Le DOJ, ministère de la Justice américain, a fait appel de la décision d’un tribunal de New York qui a rejeté sa requête demandant qu’Apple l'aide à extraire des données d’un iPhone 5c utilisé par un trafiquant de drogue présumé. Cette affaire s’apparente à celle qui oppose Apple au FBI devant un tribunal de Californie, dans laquelle le fabricant de l’iPhone conteste une décision qui l’obligerait à assister le bureau fédéral d’enquête dans le cadre de l’attentat terroriste de San Bernardino. Une juge californienne lui a demandé de développer un logiciel qui pourrait aider le FBI à contourner le mot de passe de l'iPhone 5c sous iOS 9 utilisé par l'un des terroristes. Apple refuse de le faire et s'est vu soutenu, non seulement de grands noms de l'industrie high-tech comme Microsoft, Google, Facebook, Amazon ou Yahoo, mais aussi du Haut commissaire aux droits de l'Homme de l'ONU.
A New York comme en Californie, les enquêteurs ne peuvent pas déverrouiller le téléphone en utilisant des méthodes par force brute, consistant à tester toutes les combinaisons de mots de passe possibles, parce que le contenu de l’iPhone est peut-être protégé par une fonction d’auto-effacement qui serait activée après plusieurs essais infructueux. Le problème rencontré par les enquêteurs, c’est qu’il est impossible de savoir si la fonction d’auto-effacement du contenu de l'iPhone a été activée. Apple pourrait aider à extraire les données de l’iPhone 5s, comme il l’a fait des dizaines de fois précédemment sur des versions similaires du terminal mobile, à la demande de l’administration, avance le DOJ. Dans son appel (cité par la chaîne NBC), il rappelle que pour les versions de l’OS antérieures à iOS 8, Apple peut contourner la fonctionnalité mot de passe et accéder au contenu du téléphone qui a été chiffré. Mais la firme de Cupertino invoque la vie privée et la sécurité des utilisateurs pour ne pas le faire. Le fait d’avoir consenti à le faire précédemment à la suite de décisions de justice similaires, ne signifiait pas qu’elle consentait à ce procédé, indique-t-elle.
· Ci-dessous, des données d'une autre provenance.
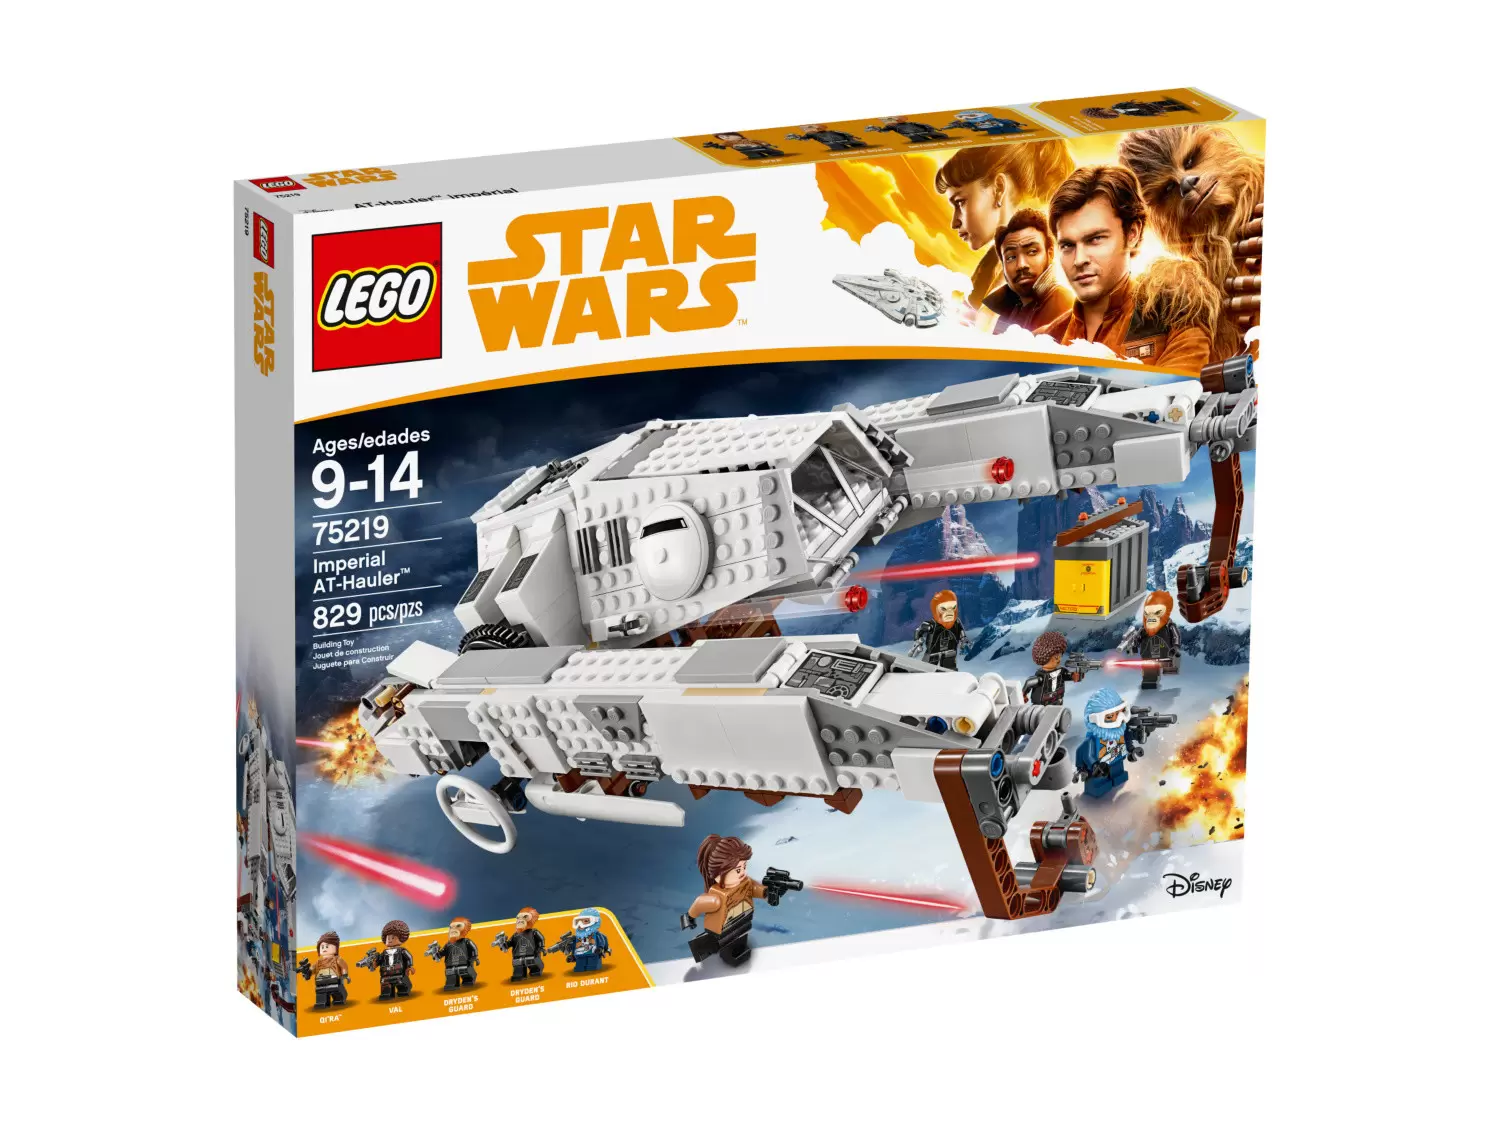 LEGO Star Wars - Imperial AT-Hauler

Le DOJ décrit une volte-face de la part d'Apple
Pour le ministère de la Justice, qui dispose d’un mandat, il s’agit d’une volte-face de la part d’Apple dans ce cas précis. Le fabricant de l’iPhone avait d’abord accepté d’extraire les données lorsqu’il a répondu que « dès réception d’un mandat de perquisition conforme aux instructions [du processus légal], nous pourrons fixer la date d’extraction dans un délai d’une à deux semaines ». Selon le document déposé lundi par le DOJ, à aucun moment, pendant les communications qui ont eu lieu avant que l’administration ne demande qu’une décision soit rendue, Apple n’a fait objection à la demande visant à le voir apporter son aide.
Le juge de la Cour du District Est de New York, James Orenstein, a estimé le 29 février dernier qu’Apple ne pouvait pas être contraint à extraire les données du téléphone. Dans la décision qu’il a rendue, le magistrat estime que la lecture que l’administration fait du All Writs Act (datant de 1789), couramment invoqué pour recourir à l’assistance des entreprises high tech dans des cas similaires, conduirait à modifier l’objectif de la loi. Son statut visant à combler certaines lacunes de façon limitée pour assurer un bon fonctionnement du système judiciaire se verrait alors transformé en un mécanisme de retournement de la séparation des pouvoirs qui déléguerait au pouvoir judiciaire un pouvoir législatif uniquement limité par la capacité supérieure du Congrès à interdire ou à préempter.
Apple soutenu par la IT et l'ONU dans l'affaire de San Bernardino
Mais de son côté, l’administration considère que le pouvoir résiduel de la Cour par rapport à la loi All Writs Act est particulièrement important dans un cas où la législation a pris du retard sur la technologie et les risques d’obsolescence. Et elle pointe le fait que les tribunaux se sont appuyés sur cette loi pour requérir l’assistance de tiers avec mandats de perquisition dans des circonstances impliquant une intervention bien plus lourde que dans l’affaire examinée en ce moment à New York. Le DOJ demande donc à la Cour de revoir la décision du juge Orenstein.